I wish to show that for two random variables $X$ and $Y$, the condition $P(X\leq x, Y\leq y ) = P(X\leq x)P(Y\leq y)$ implies that X and Y are independent.
I am approaching this problem from a measure theoretic perspective. So in particular I can write that $P(X\leq x) = \mu_X ((-\infty, x])$ and $P(Y\leq y) = \mu_Y ((-\infty, y])$. Also the independence condition here is that $\sigma(X)$ and $\sigma(Y)$ are independent, where these are the sigma algebras generated by the random variables.
Let $\mathcal{B}$ be the Borel $\sigma$-algebra of $\mathbb{R}$.
Show that $\sigma(X) = \{X^{-1}(B) : B \in \mathcal{B}\}$. ($\supset$ is clear. For $\subset$, show the right side is a $\sigma$-algebra.)
Fix $y \in \mathbb{R}$. Let $\mathcal{L} = \{ B \in \mathcal{B} : P(X \in B, Y \le y) = P(X \in B) P(Y \le y)\}$. Show that $\mathcal{L}$ is a $\lambda$-system. Let $\mathcal{P} = \{ (-\infty, x] : x \in \mathbb{R} \}$. Show that $\mathcal{P}$ is a $\pi$-system, $\mathcal{P} \subset \mathcal{L}$ and that $\sigma(\mathcal{P}) = \mathcal{B}$. By the $\pi$-$\lambda$ theorem, $\mathcal{B} \subset \mathcal{L}$. Conclude that for every $B \in \mathcal{B}$ and $y \in Y$, $P(X \in B, Y \le y) = P(X \in B) P(Y \le y)$.
Fix $B \in \mathcal{B}$. Let $\mathcal{L}' = \{C \in \mathcal{B} : P(X \in B, Y \in C) = P(X \in B) P(Y \in C)\}$. Show that $\mathcal{L}'$ is a $\lambda$-system, and proceed as before to show $\mathcal{B} \subset \mathcal{L}'$.

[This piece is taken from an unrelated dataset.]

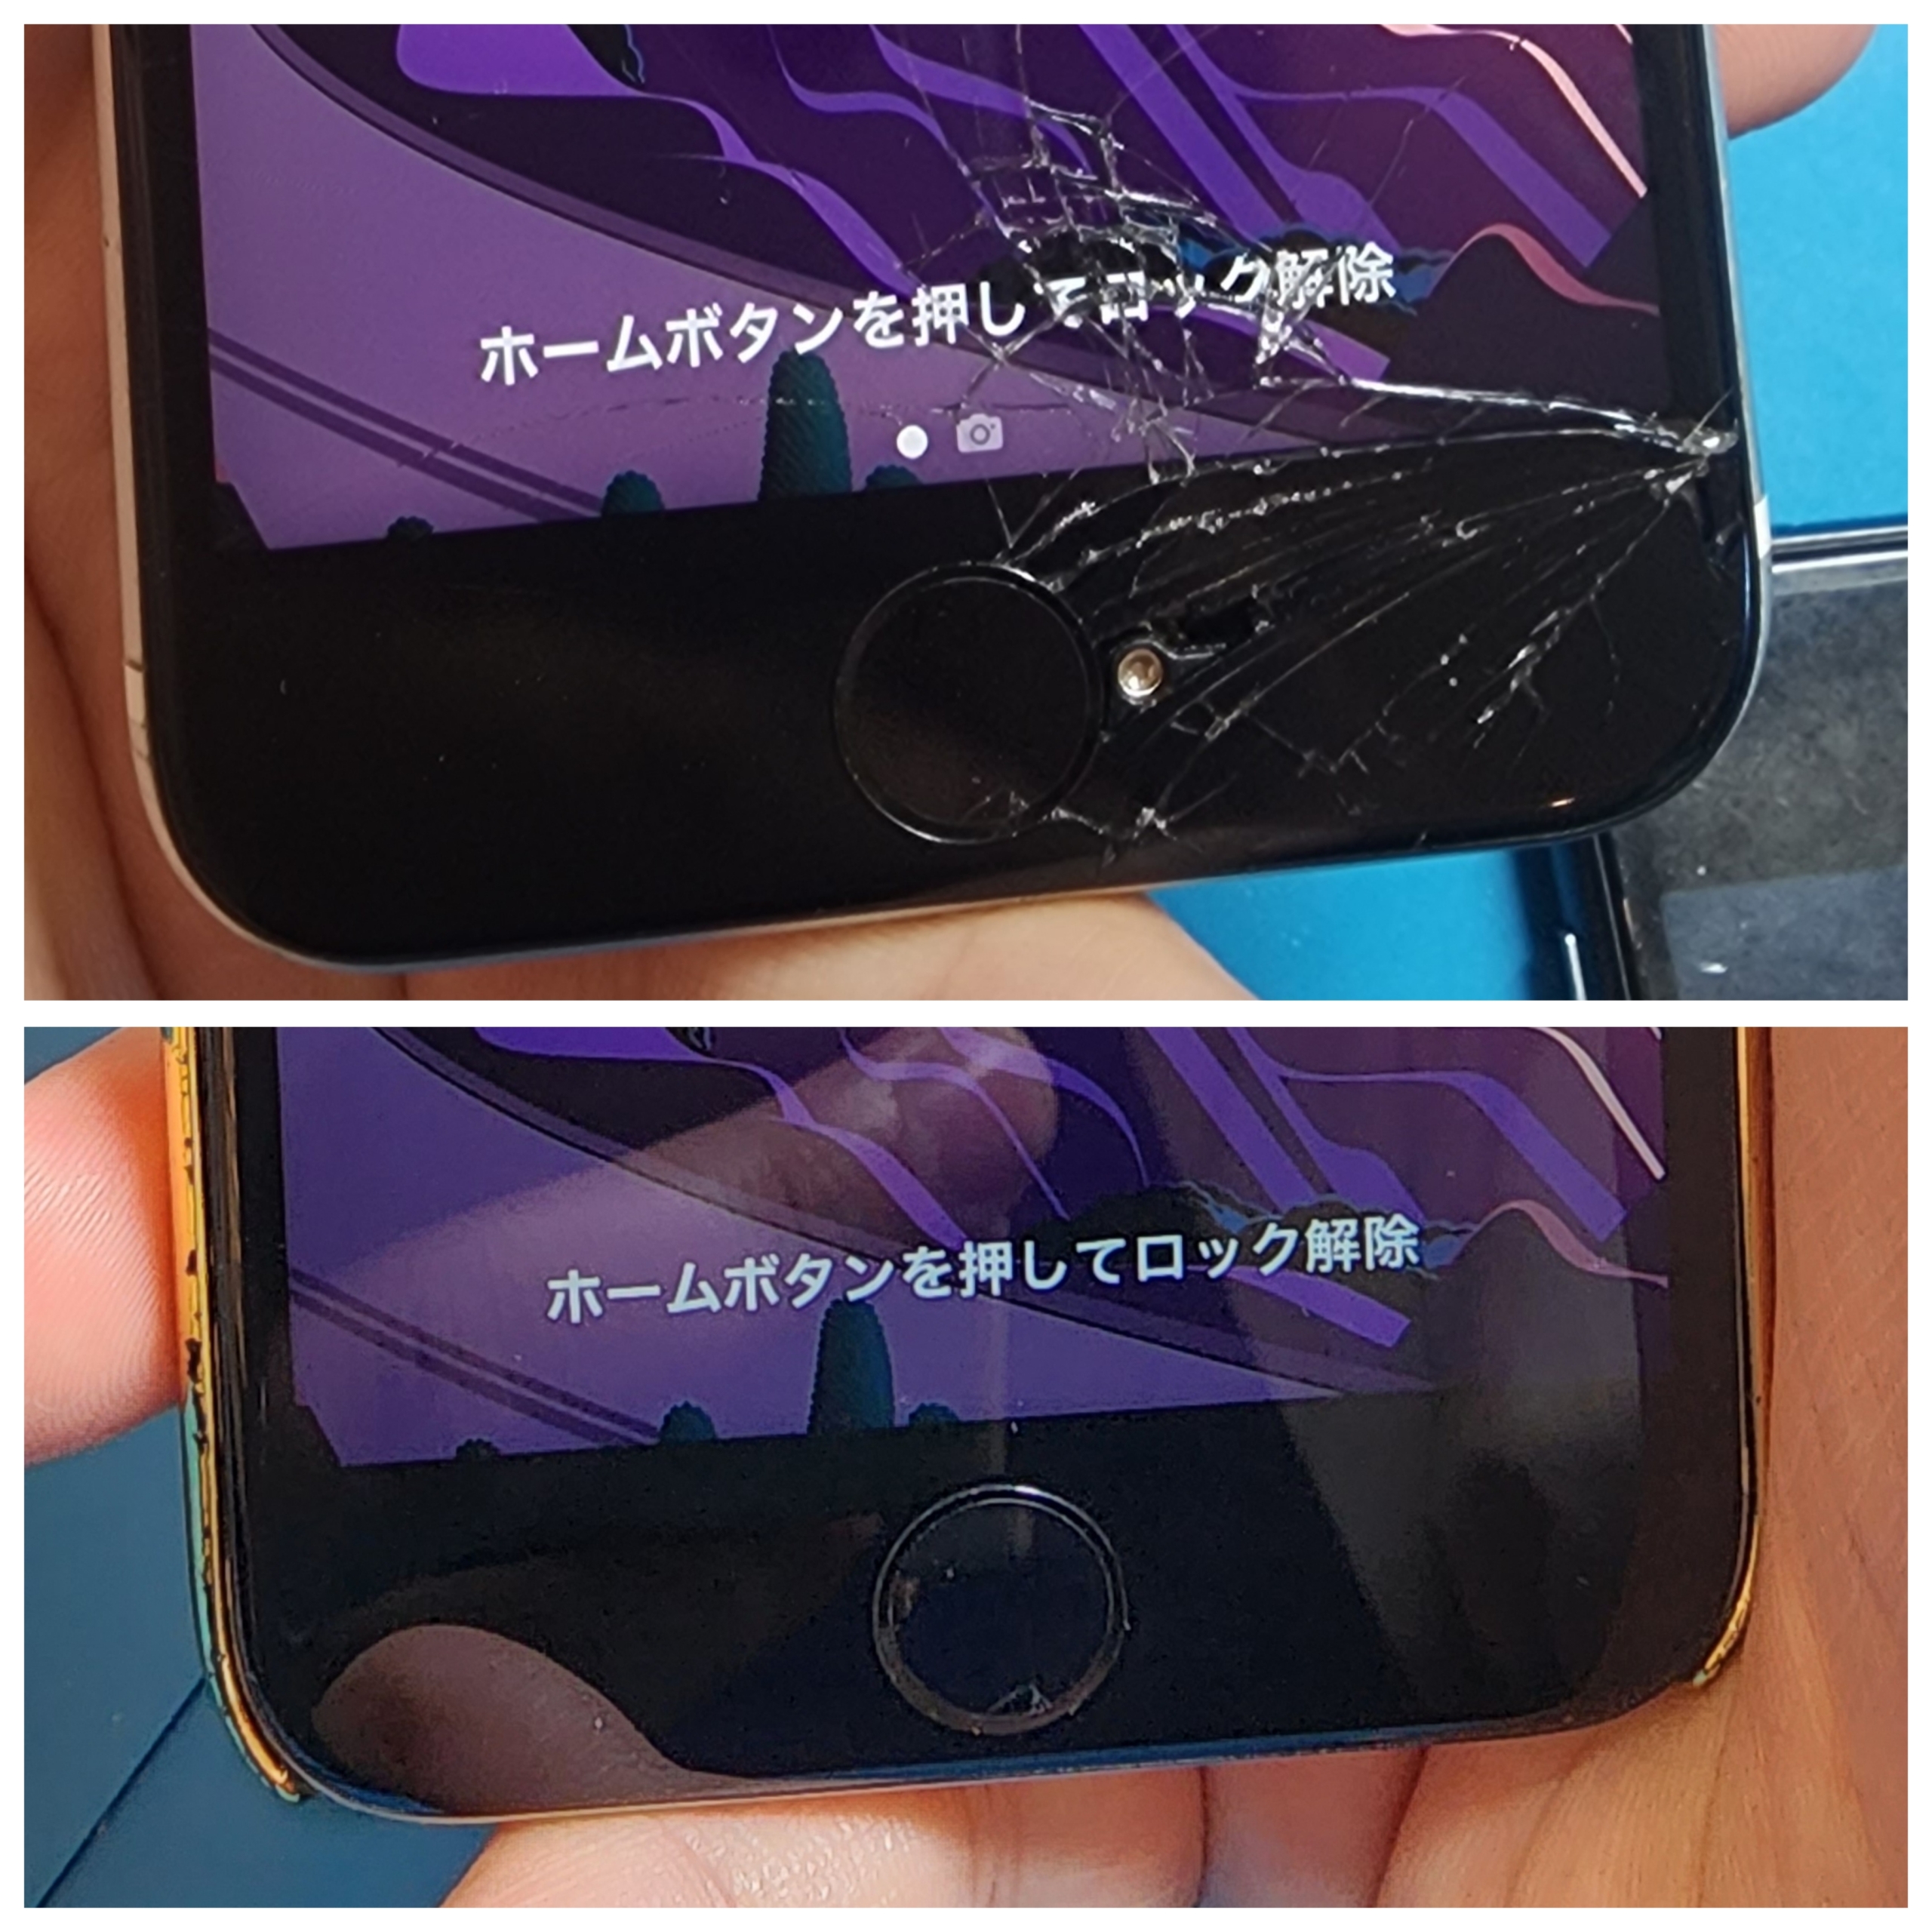 【本日の修理】iPhoneSE2液晶交換

We have now shown that $P(X \in B, Y \in C) = P(X \in B) P(Y \in C)$ for all $B, C \in \mathcal{B}$. By (1), this says that $\sigma(X)$ and $\sigma(Y)$ are independent.
Let $\mathcal C$ denote the set of those Borel measurable sets $A$ for which $$ \Pr(X \in A, Y \le y) = \Pr(X \in A) \Pr(Y \le y) $$ Show that $\mathcal C$ is a sigma field. Deduce it is equal to the set of Borel measurable sets.
Next for each Borel measurable $A$, let $\mathcal D$ denote the set of those Borel measurable sets $B$ for which $$ \Pr(X \in A, Y \in B) = \Pr(X \in A) \Pr(Y \in B) $$ and carry on as before.